POZNAN, Poland (Reuters) - Climate negotiators meeting in Poznan, Poland on Thursday drafted measures to speed up U.N. approval of carbon offset projects, drawing support from carbon traders.
Under Kyoto Protocol rules rich countries can lay off their greenhouse gas emissions and meet their climate targets by funding cuts in developing nations.
But developers of emissions-cutting projects under that scheme, called the clean development mechanism (CDM), complain that it is creaking because of excessive red tape.
The complete process of approval of offsets takes over 2 years now compared to 12-18 months in 2007, say project developers. One bottleneck is project registration by a vetting panel called the executive board (EB).

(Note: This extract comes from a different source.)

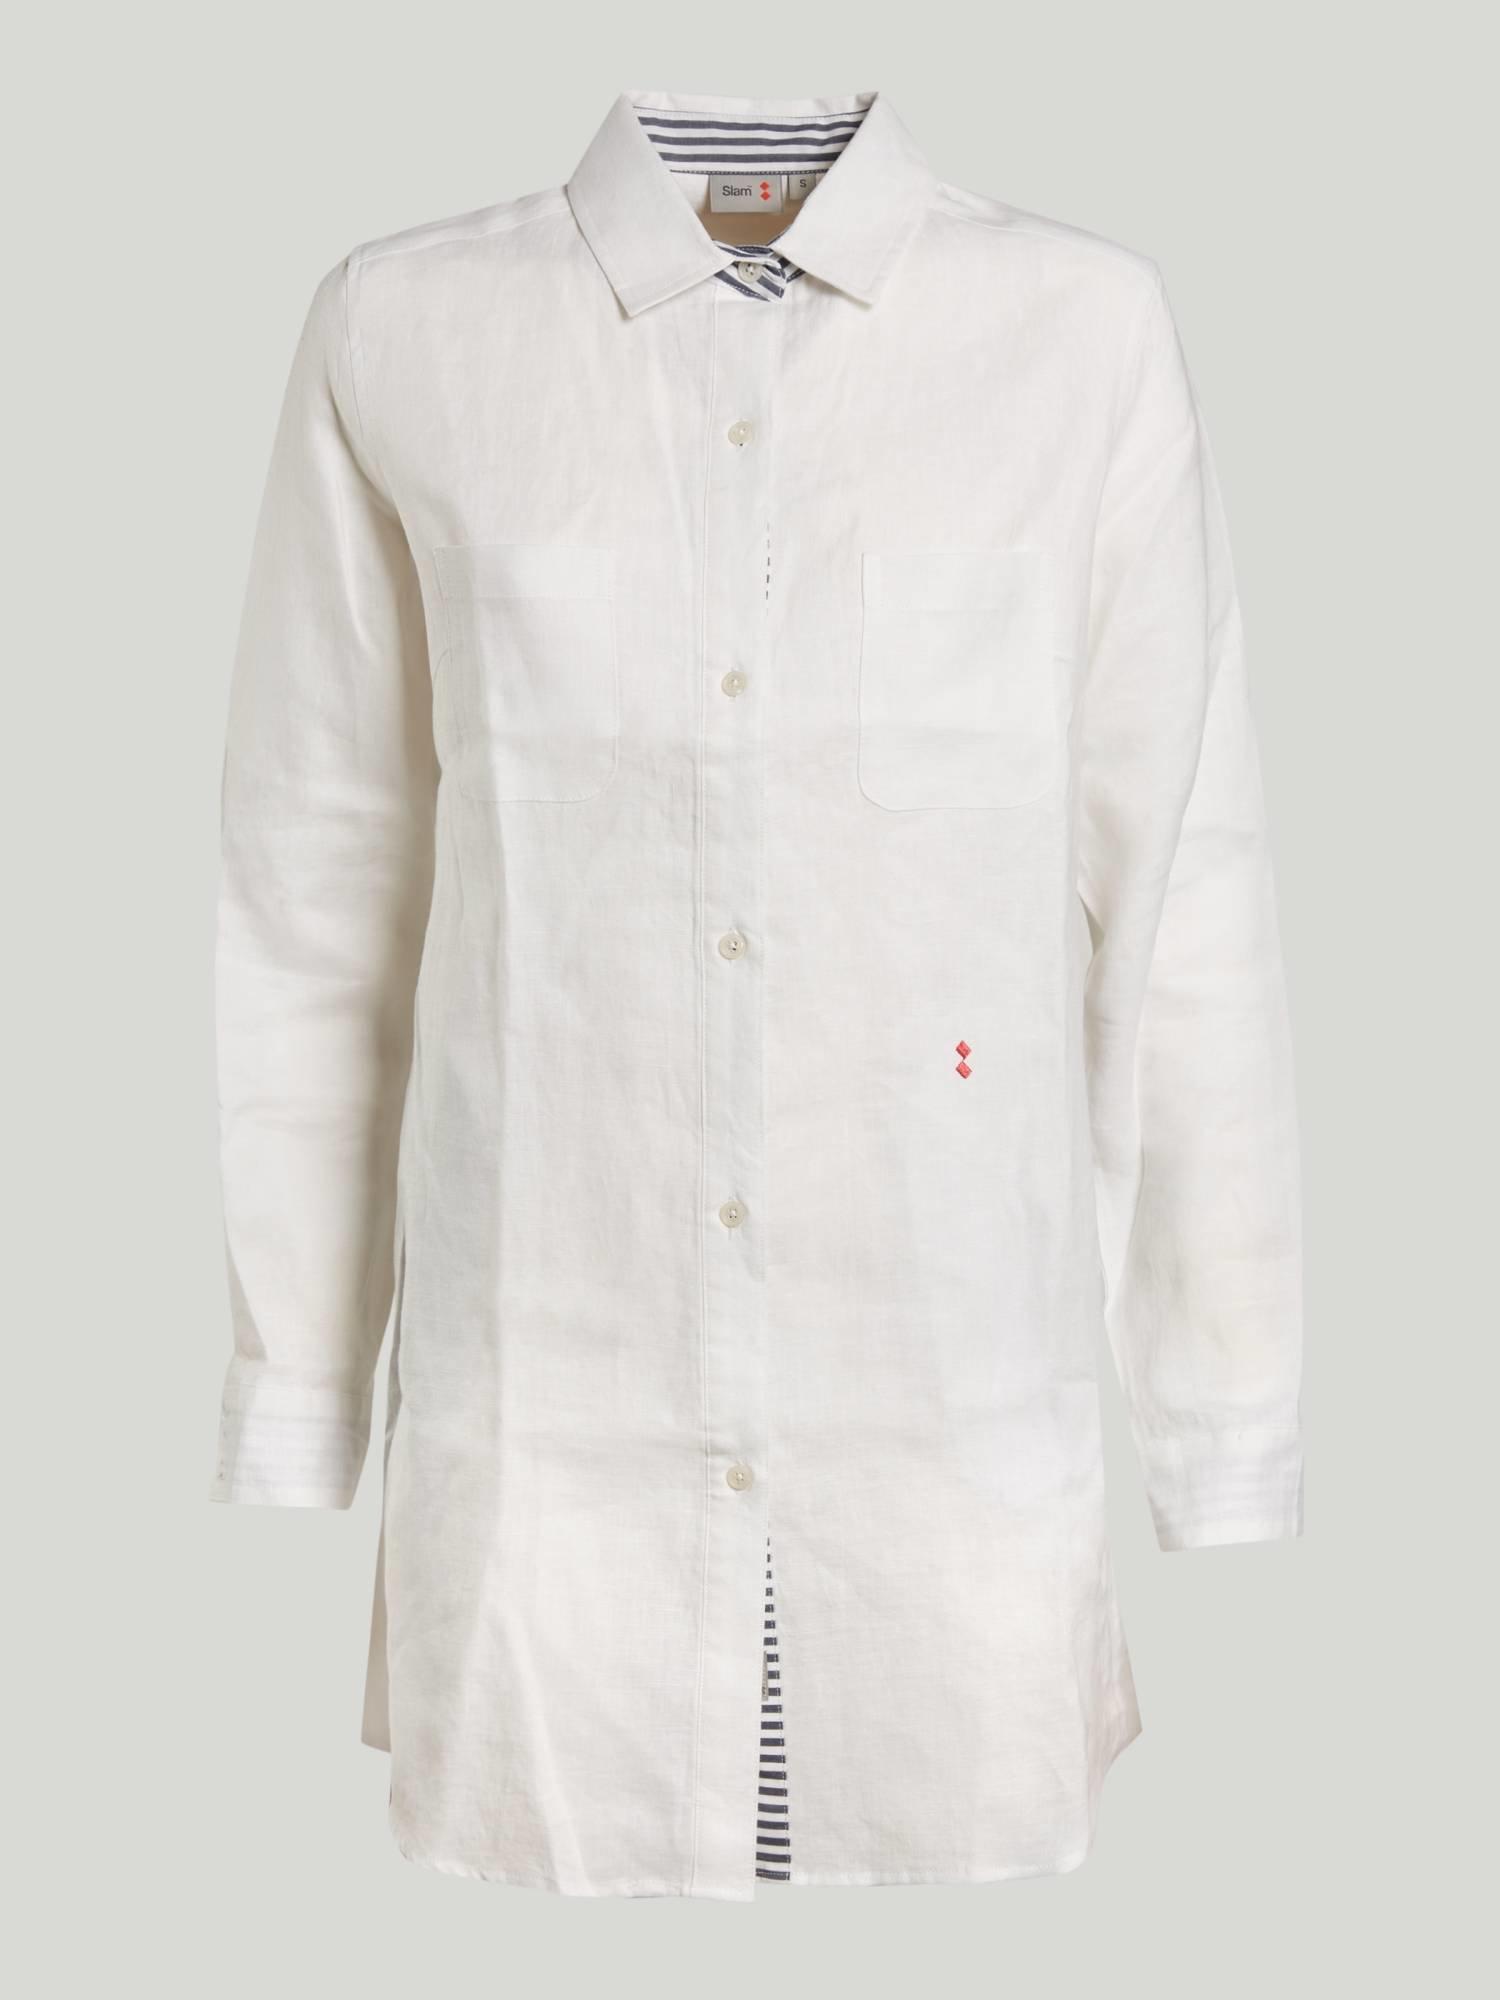 DRESS A168 - White

“(We request) the EB to establish timelines for each of its procedures, (and) to continue to streamline the registration and issuance processes ... by assessing existing timelines,” a statement read, drafted by delegates at the U.N. climate talks in Poland.

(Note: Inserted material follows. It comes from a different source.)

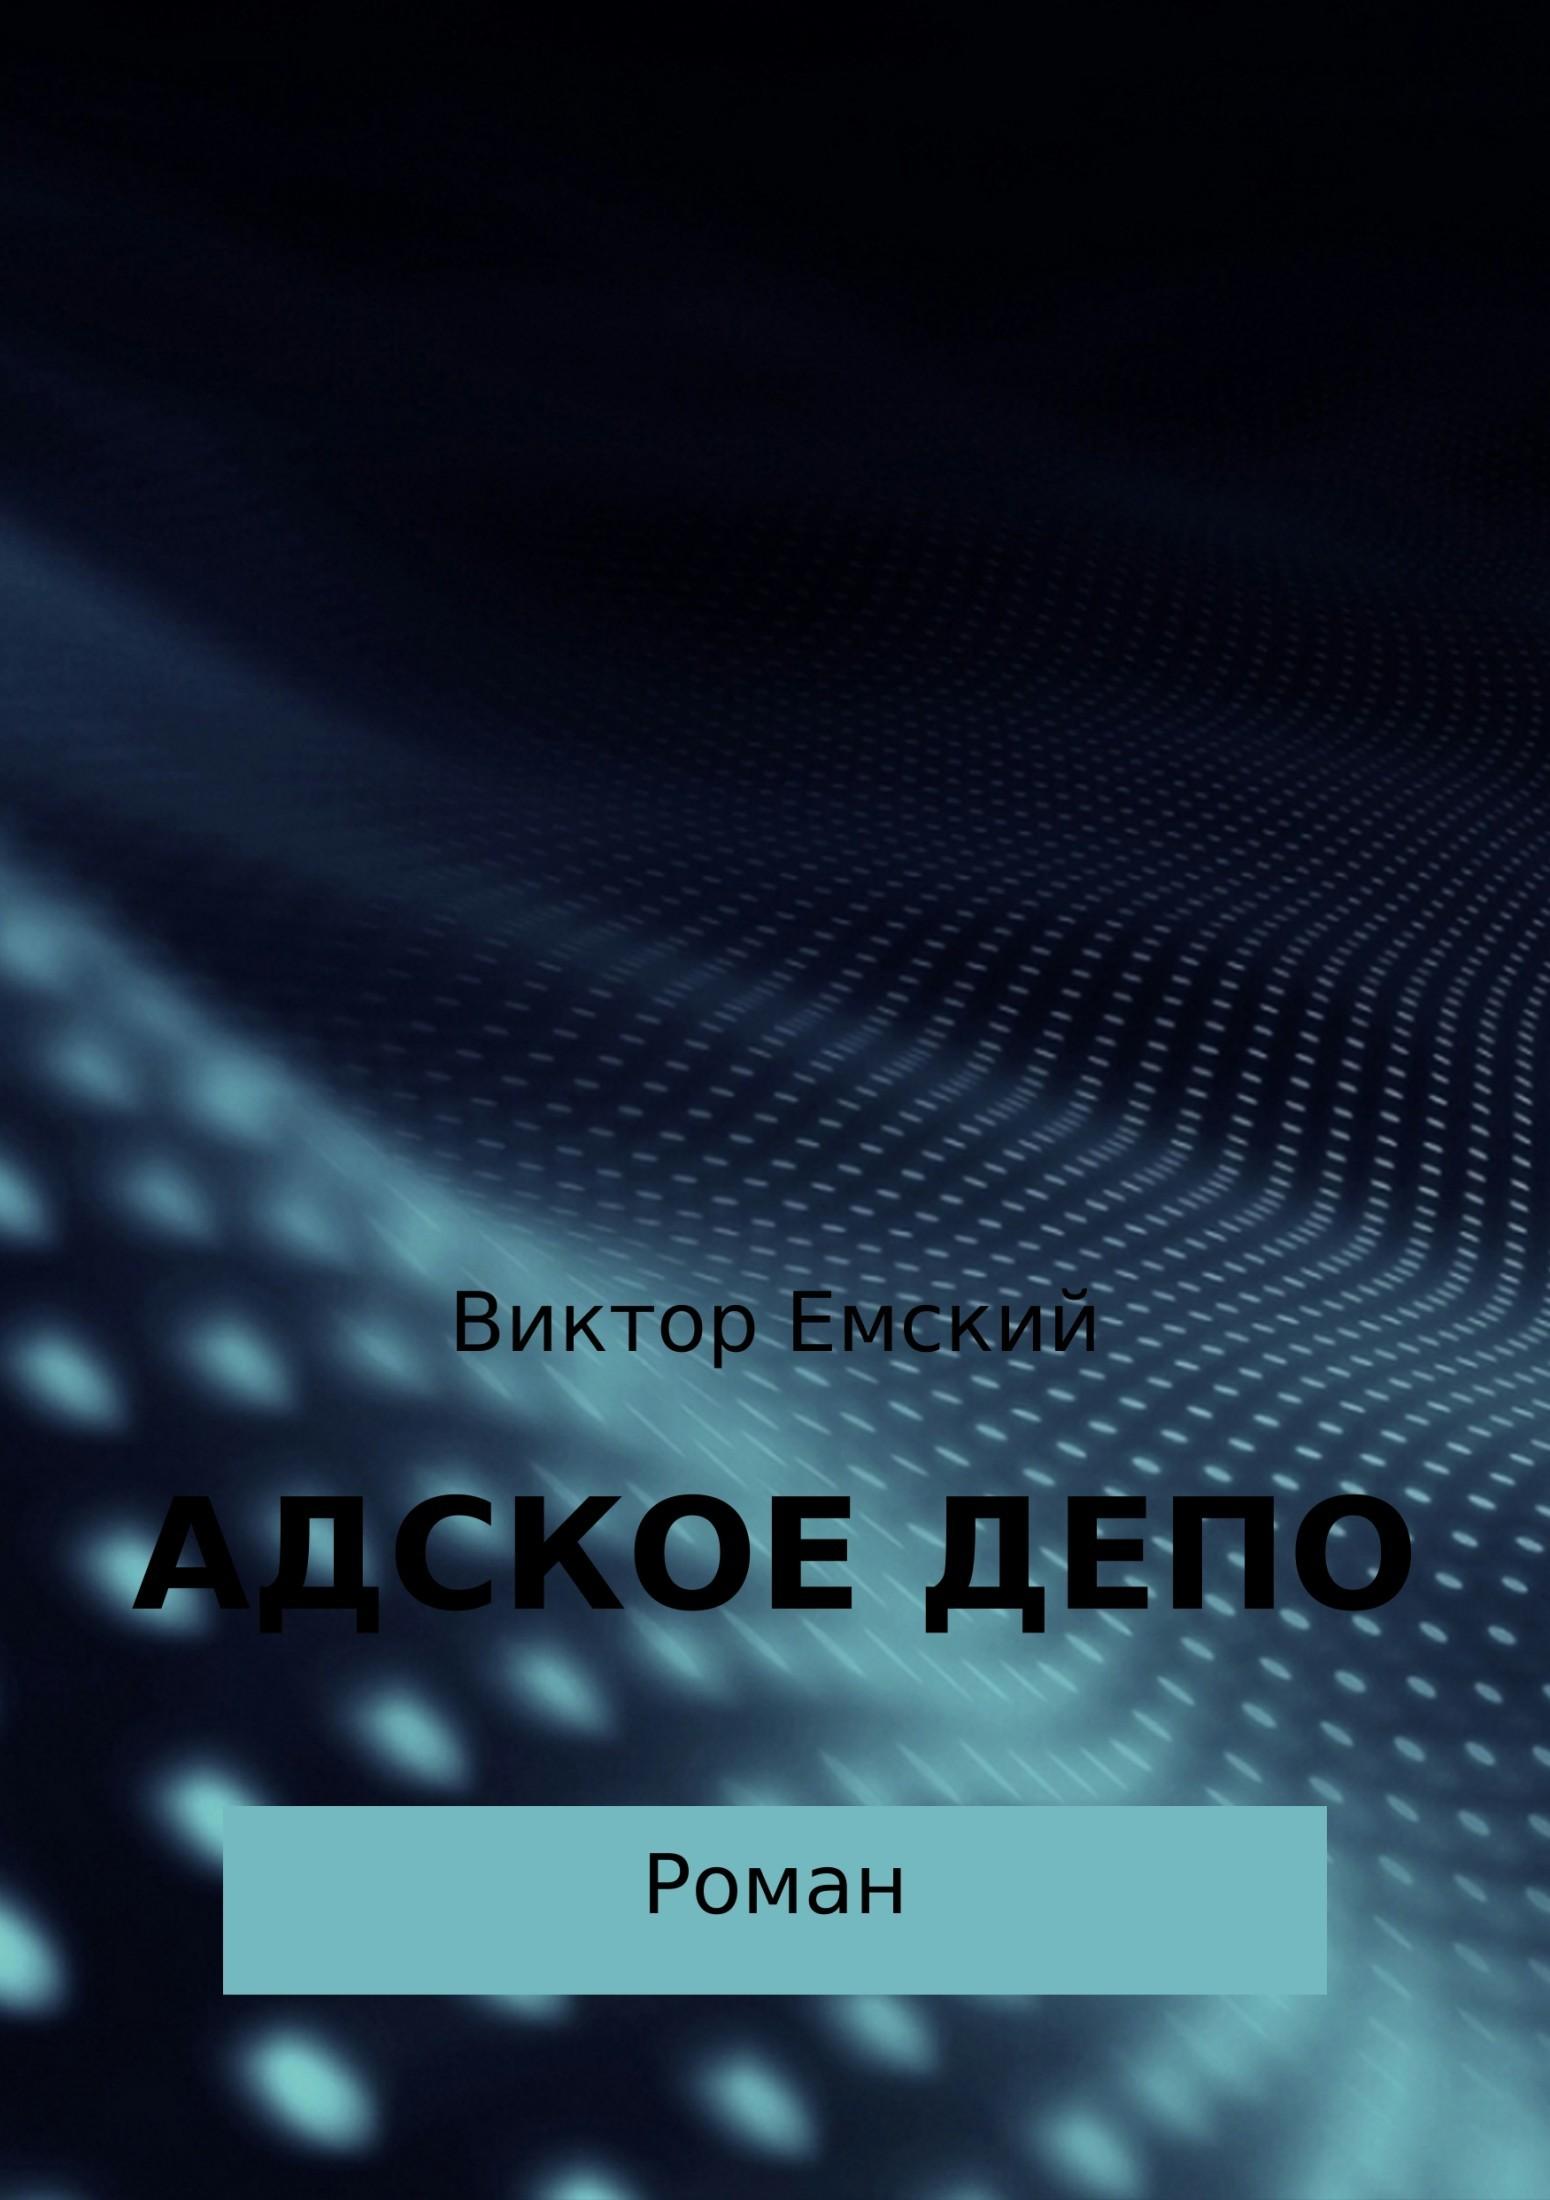 Виктор Емский Адское депо дмитрий семенов страсти в загробном мире и наяву знамение

The statement still has to be signed off by some 100 environment ministers attending the December 1-12 talks, which are pushing for a new climate treaty meant to be agreed next year and to replace Kyoto after 2012.
The statement also required “the executive board as early as possible in 2009 ... to further substantiate decisions and ... summarize systemically the major issues that trigger a request for review.”
Requests for review refer to cases where the EB demands that project developers give more detail on a project application.
“We’ve consistently had more than 50 percent requests for review,” said Marc Stuart, co-founder of project developers EcoSecurities, adding that could add three to four months per review.
Each month of delay cost a project about 2 percent of its total expected offsets, called certified emission reductions (CERs), through 2012, he added.
“We’re seeing the development of a bit of a culture of accountability. Overall this is reasonably good guidance,” he said.
The United Nations Environment Program (UNEP) said in Poznan earlier on Thursday that it expected over 8,000 CDM projects either to be up and running or in the pipeline by 2012, generating financial flows of between $25 billion to $30 billion to developing countries.
That calculation was based on the CDM generating an estimated 1.6 billion of CERs worth $20 each.